Exeter’s Famous Nursery – By Caradoc Doy
In 1771, a 19-year-old Scottish gardener by the name of John Veitch arrived in Devon. Little was the world of horticulture to know what an impact this talented man and his family would have on gardening throughout the country and the world for generations to come.
Young John was sent for by Sir Thomas Acland to lay out the park at Killerton, near Exeter. He was a skilful gardener and his landscaping work took him all over the country. Sir Thomas encouraged John to start his own nursery, which he did in Budlake near Killerton sometime before 1808. In 1832 he and his son James bought land at Mount Radford in Exeter (where recently the Princess Elizabeth Orthopaedic Hospital stood) and in 1837, John handed over the running of the firm to James.
James was a man of foresight and with plant mania sweeping throughout wealthy society, spotted an opportunity to exploit the potential that foreign plants could have on the British garden market. He was one of the first men to systematically pioneer the exploration of far away places for new plants and sponsored plant hunters who themselves became horticultural heroes. Twenty-three different plant hunters were sent out by the firm at one time or another. Men such as the Cornish brothers Thomas and William Lobb, Charles Maries, Richard Pearce and Ernest Wilson all of whom
discovered plants in difficult to reach foreign lands, often risking their lives in search of seeds or plants. Members of the Veitch family too discovered important plants and many were named after them in recognition of their endeavours. In 1853, James and his son James Junior, seeing that expansion was justified, purchased a nursery in Chelsea, which the young James went to run whilst his father remained in Exeter. On the death of James Senior in 1863 the two nurseries which had been run together, separated. James Junior remained in London trading as James Veitch & Son whilst his younger brother Robert took over the Exeter firm. In Chelsea, James Junior was eventually joined by his sons John Gould and Harry James.

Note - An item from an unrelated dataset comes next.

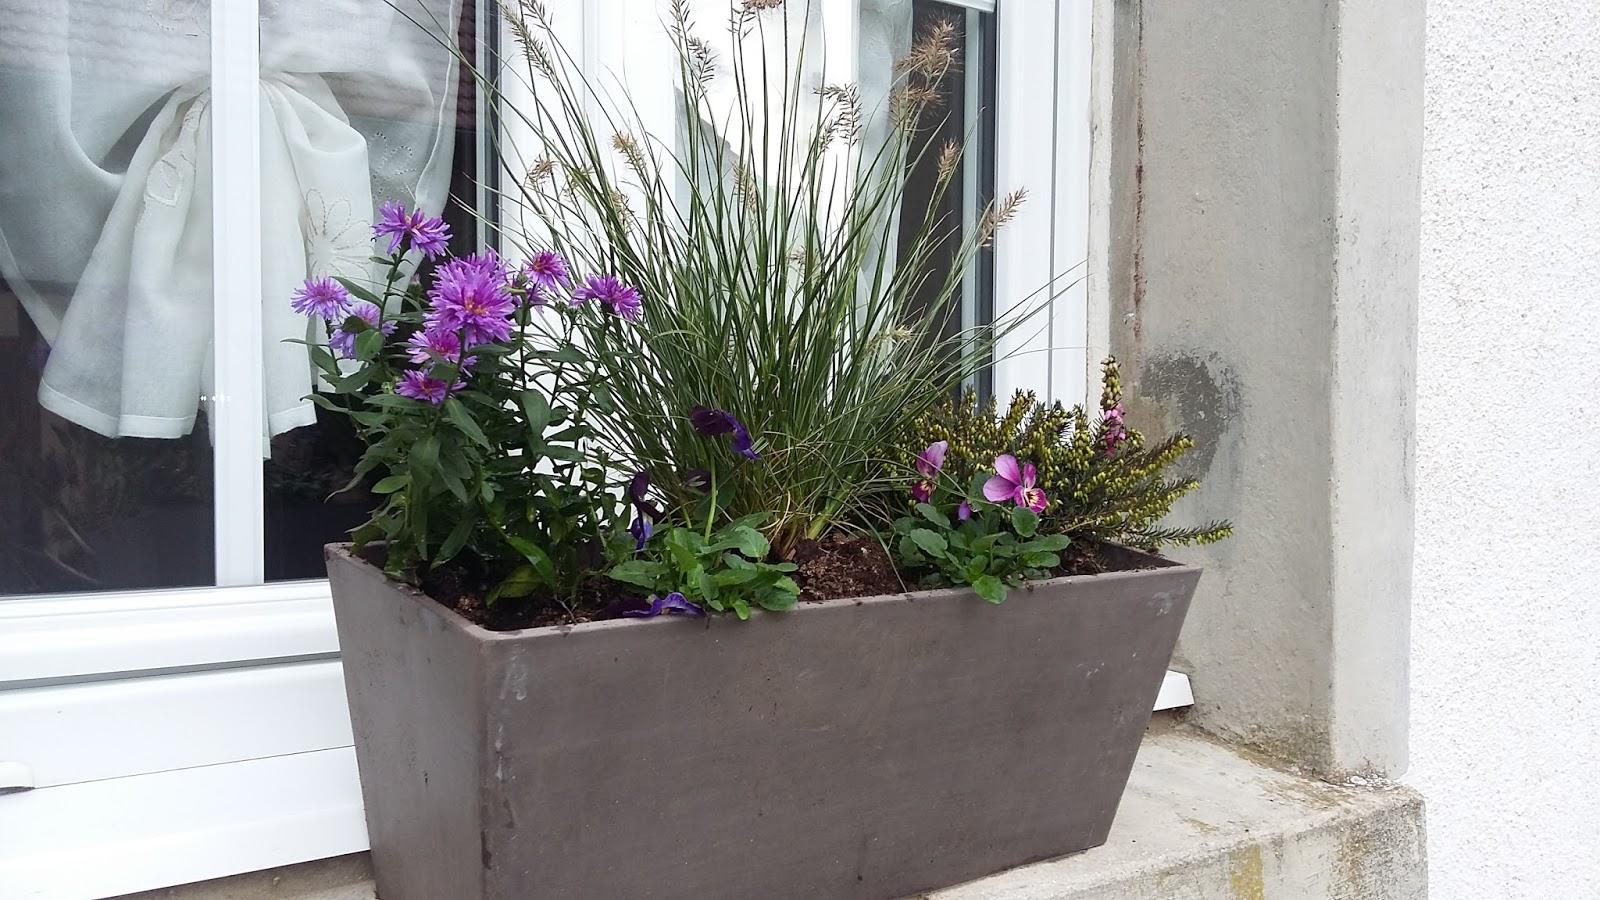 jardiniere d automne comment r aliser une jardini re d 39 automne femme actuelle du treillis. Black Bedroom Furniture Sets. Home Design Ideas

In 1899, Harry who was now operating the Chelsea branch of the business, sent Ernest Wilson to China to search for plants suitable for British gardens and in particular for seed of the Davidia, or Pocket-handkerchief Tree. In his search he discovered many plants and finally found a group of Davidia producing seed, which he duly sent back to Veitch’s nursery at Coombe Wood from which, he found on his return to England they had successfully raised thousands of seedlings.
The Veitch Legacy
The firm of Veitch had by the 1914/18 war been responsible for introducing an astonishing 1281 plants which were either previously unknown or newly bred varieties. These included 498 greenhouse plants, 232 orchids, 153 deciduous trees, shrubs and climbing plants, 122 herbaceous plants, 118 exotic ferns, 72 evergreen and climbing plants, 49 conifers and 37 bulbous plants. In the years to come, more plants followed.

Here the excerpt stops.